Data extract:
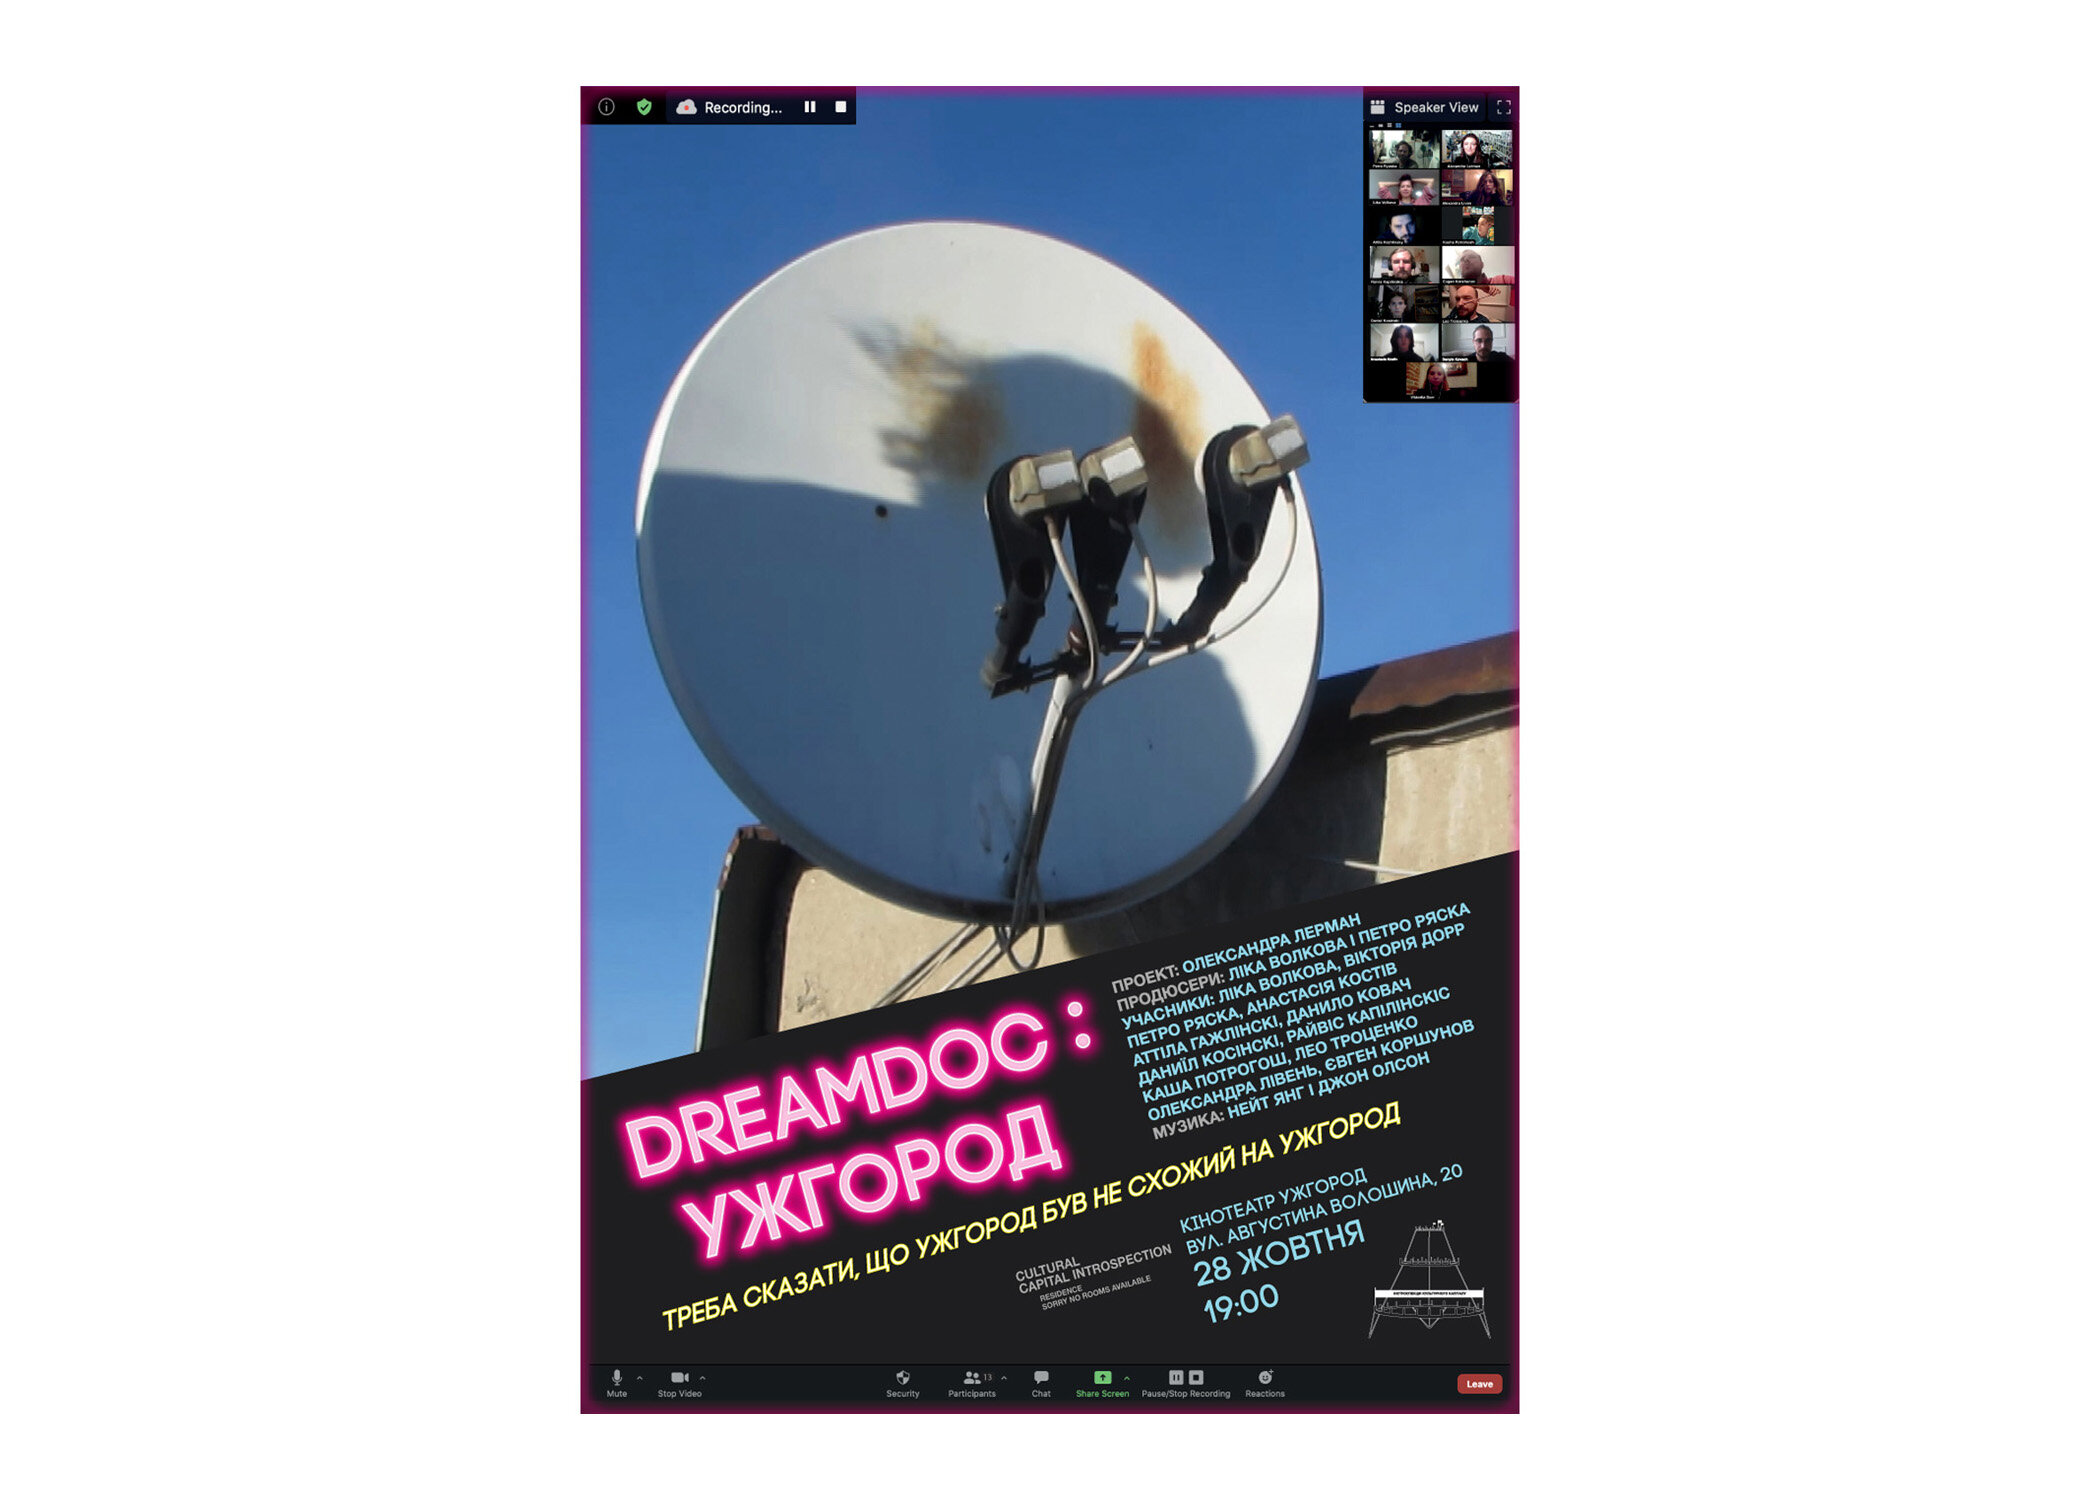 DreamDoc: Uzhhorod poster designed by Maria Beliaeva
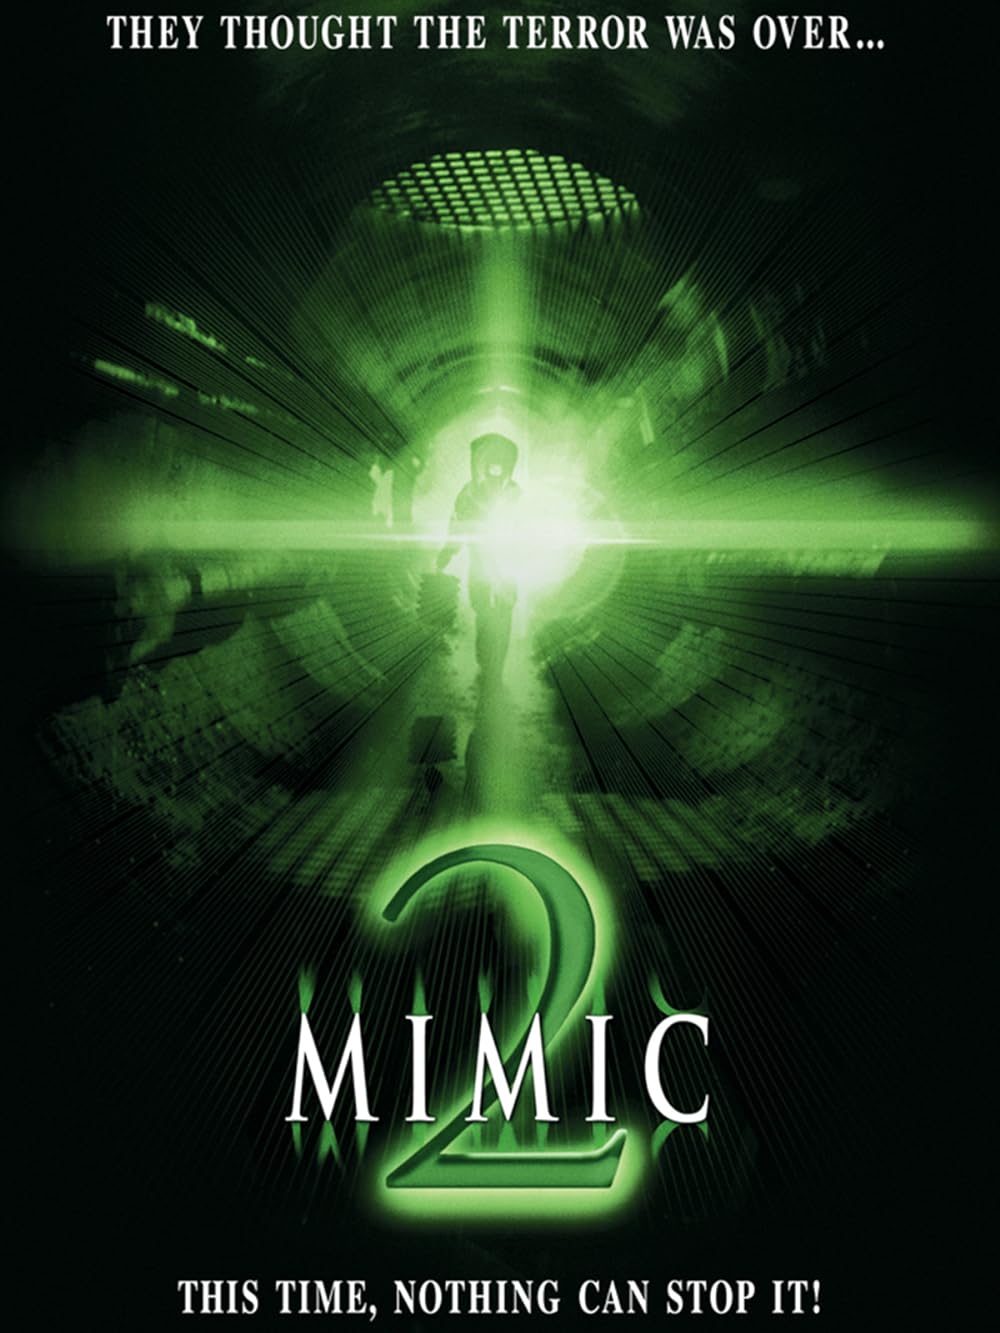 Mimic 2 (2001) 448Kbps 23.976Fps 48Khz 5.1Ch DVD Turkish Audio TAC
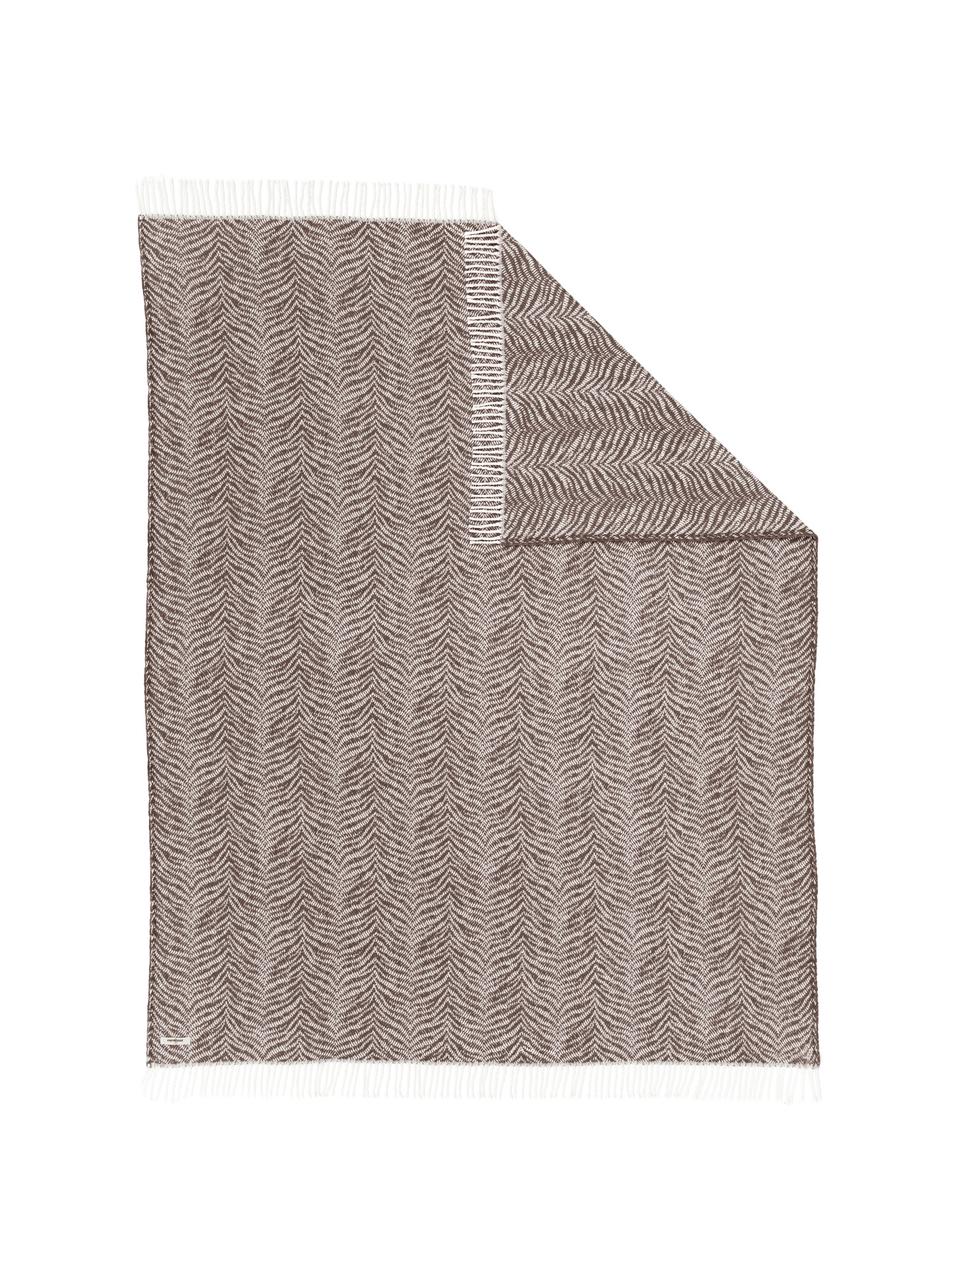 Plaid Greta mit Tiger-Muster, 50% Baumwolle, 50% Acryl, Taupe, Gebrochenes Weiß, 140 x 180 cm

What is required: Retype the listing exactly. Pictures do not belong in the copy.

Completed exercise:
 DreamDoc: Uzhhorod poster designed by Maria Beliaeva
 Mimic 2 (2001) 448Kbps 23.976Fps 48Khz 5.1Ch DVD Turkish Audio TAC
 Plaid Greta mit Tiger-Muster, 50% Baumwolle, 50% Acryl, Taupe, Gebrochenes Weiß, 140 x 180 cm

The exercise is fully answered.